* Data:

__________________________________________________

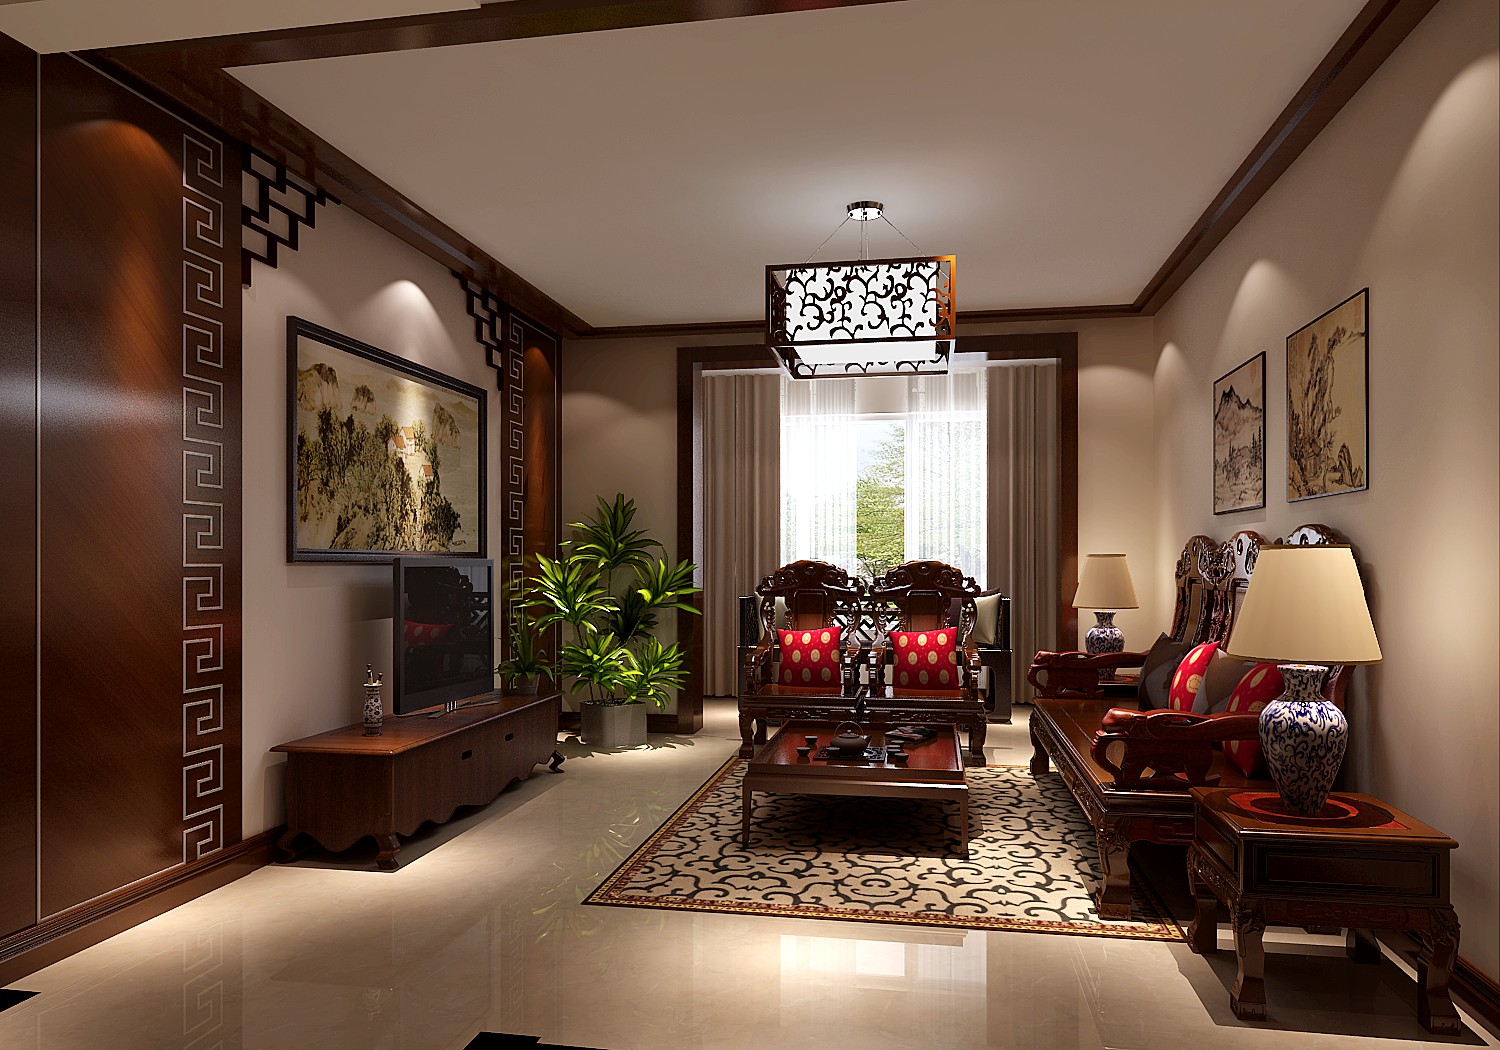 中式 新古典 传统风格 复古 中国韵味 二居 收纳 实用 定制家具 客厅图片来自成都高度国际在100㎡——中式风格——花园洋房的分享
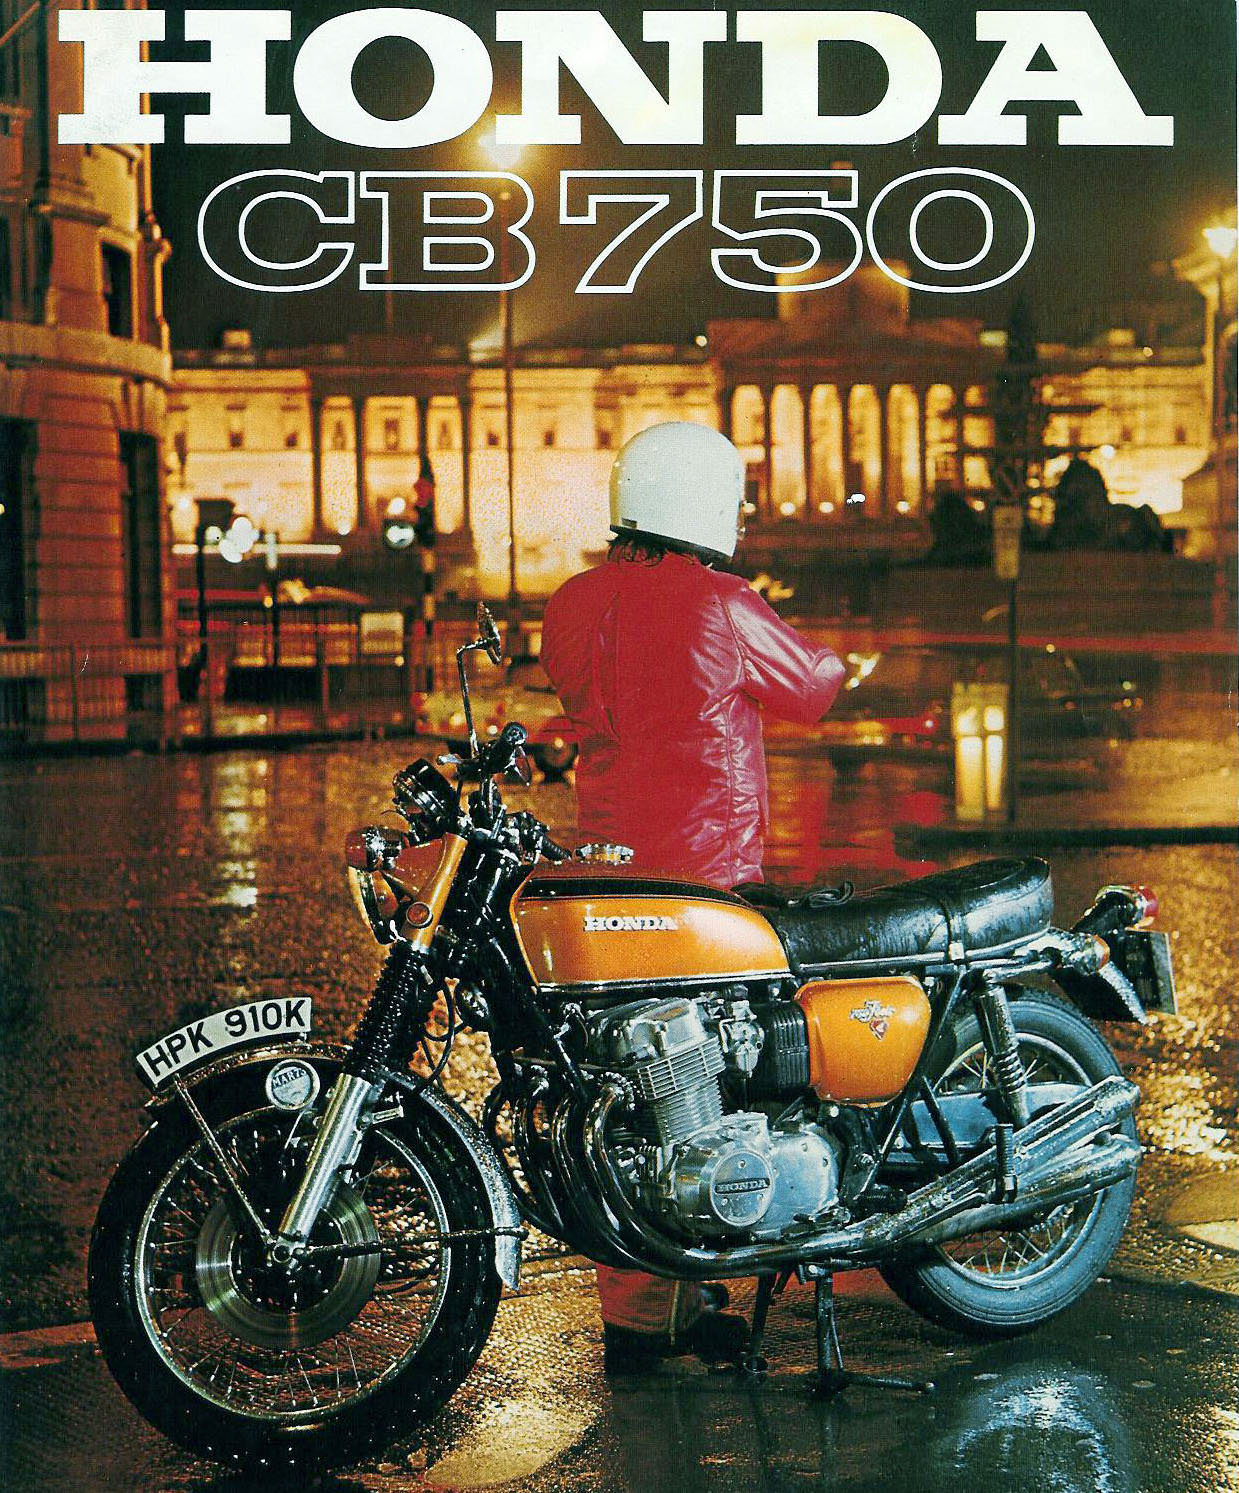 Catálogo da Moto Honda CB 750
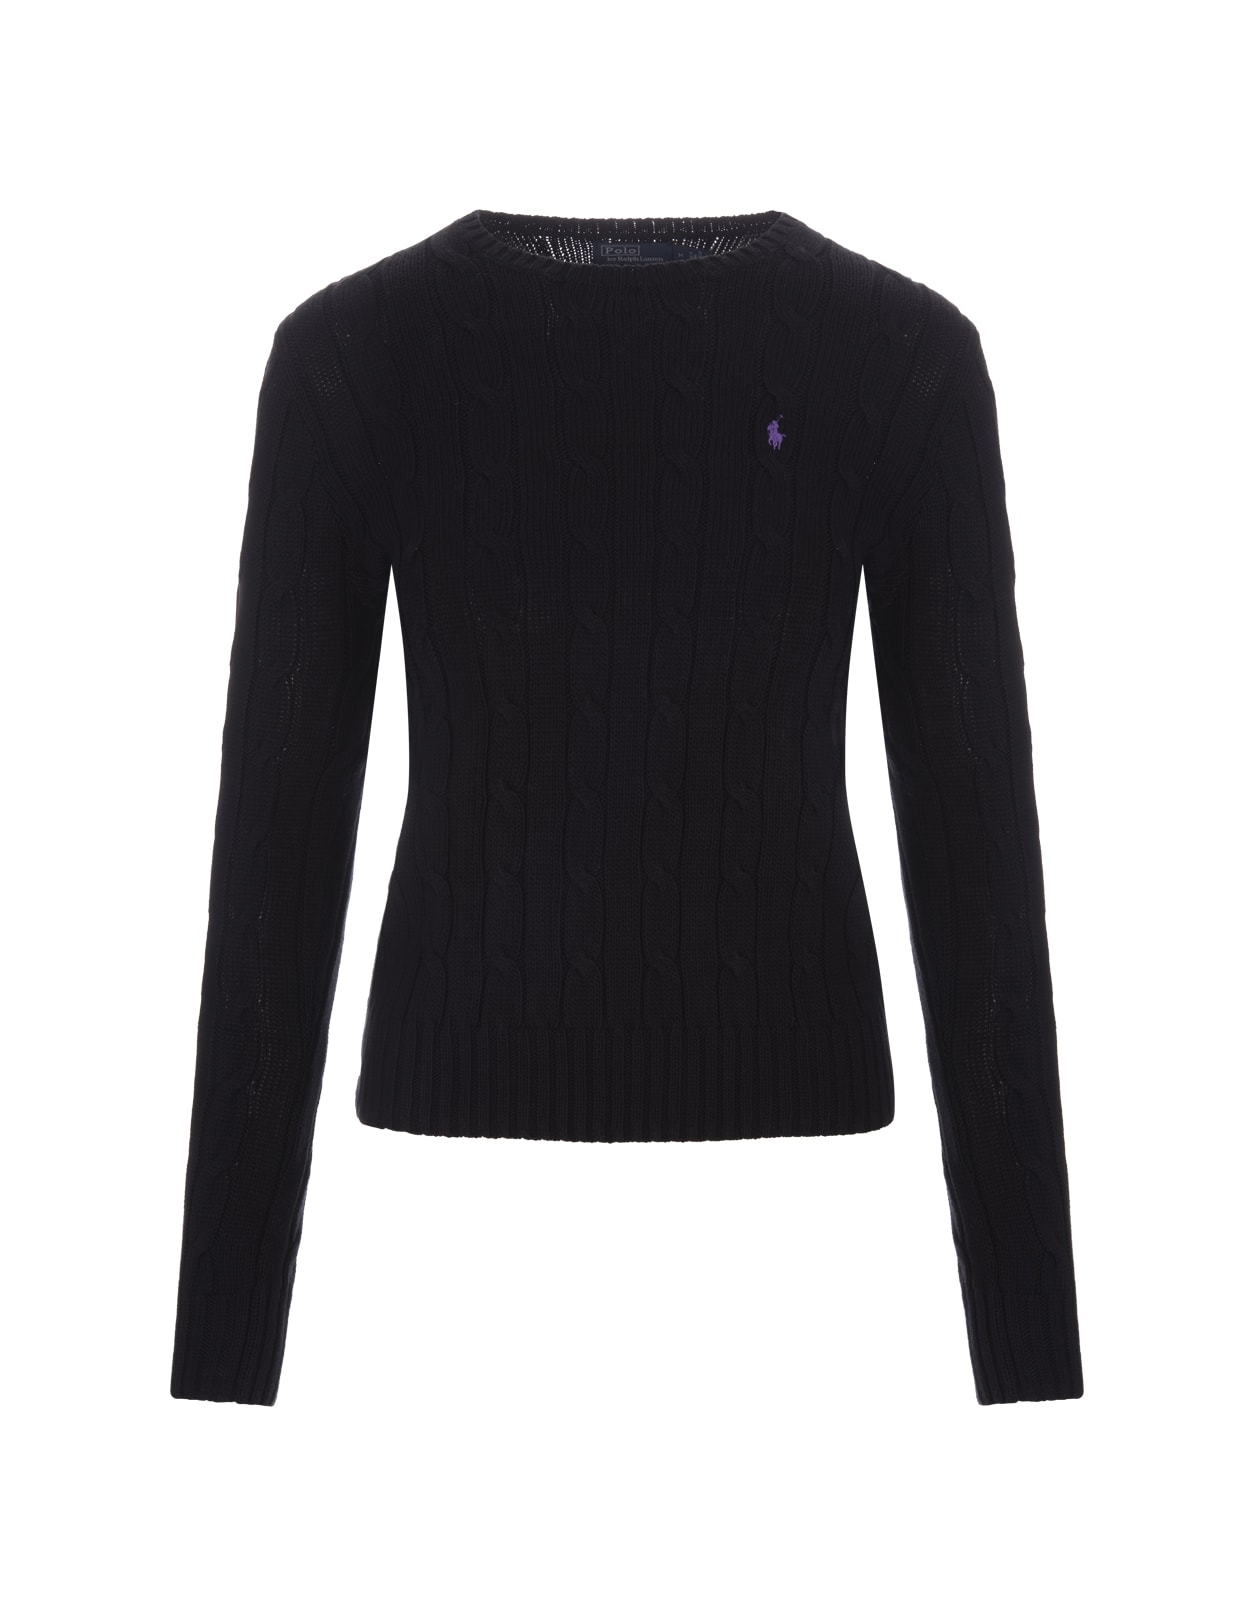 Ralph Lauren Crew Neck Sweater In Black Braided Knit
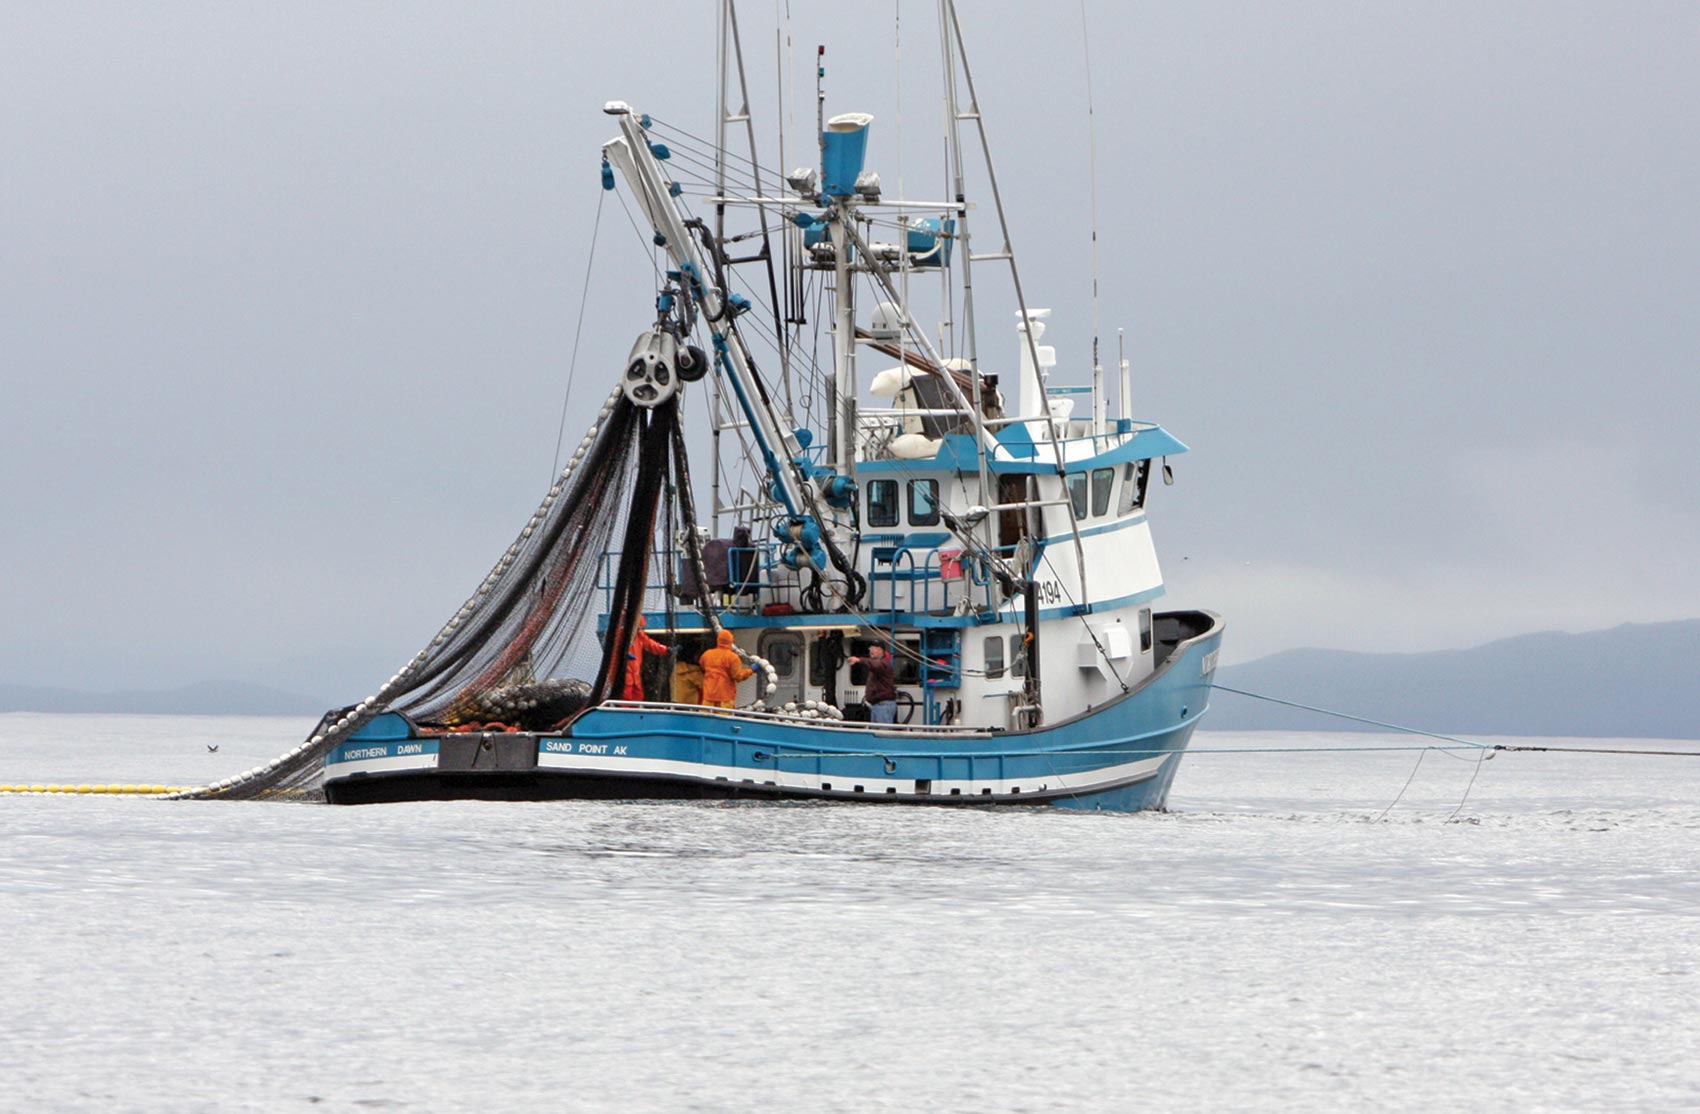 a vessel in an Alaskan bay

__________________________________________________

* About this exercise:
Find the line containing "Catálogo da Moto Honda CB 750" in the listing above. Please restate word for word that line through the last one, leaving out the pictures.

* Worked solution:
 Catálogo da Moto Honda CB 750
 Ralph Lauren Crew Neck Sweater In Black Braided Knit
 a vessel in an Alaskan bay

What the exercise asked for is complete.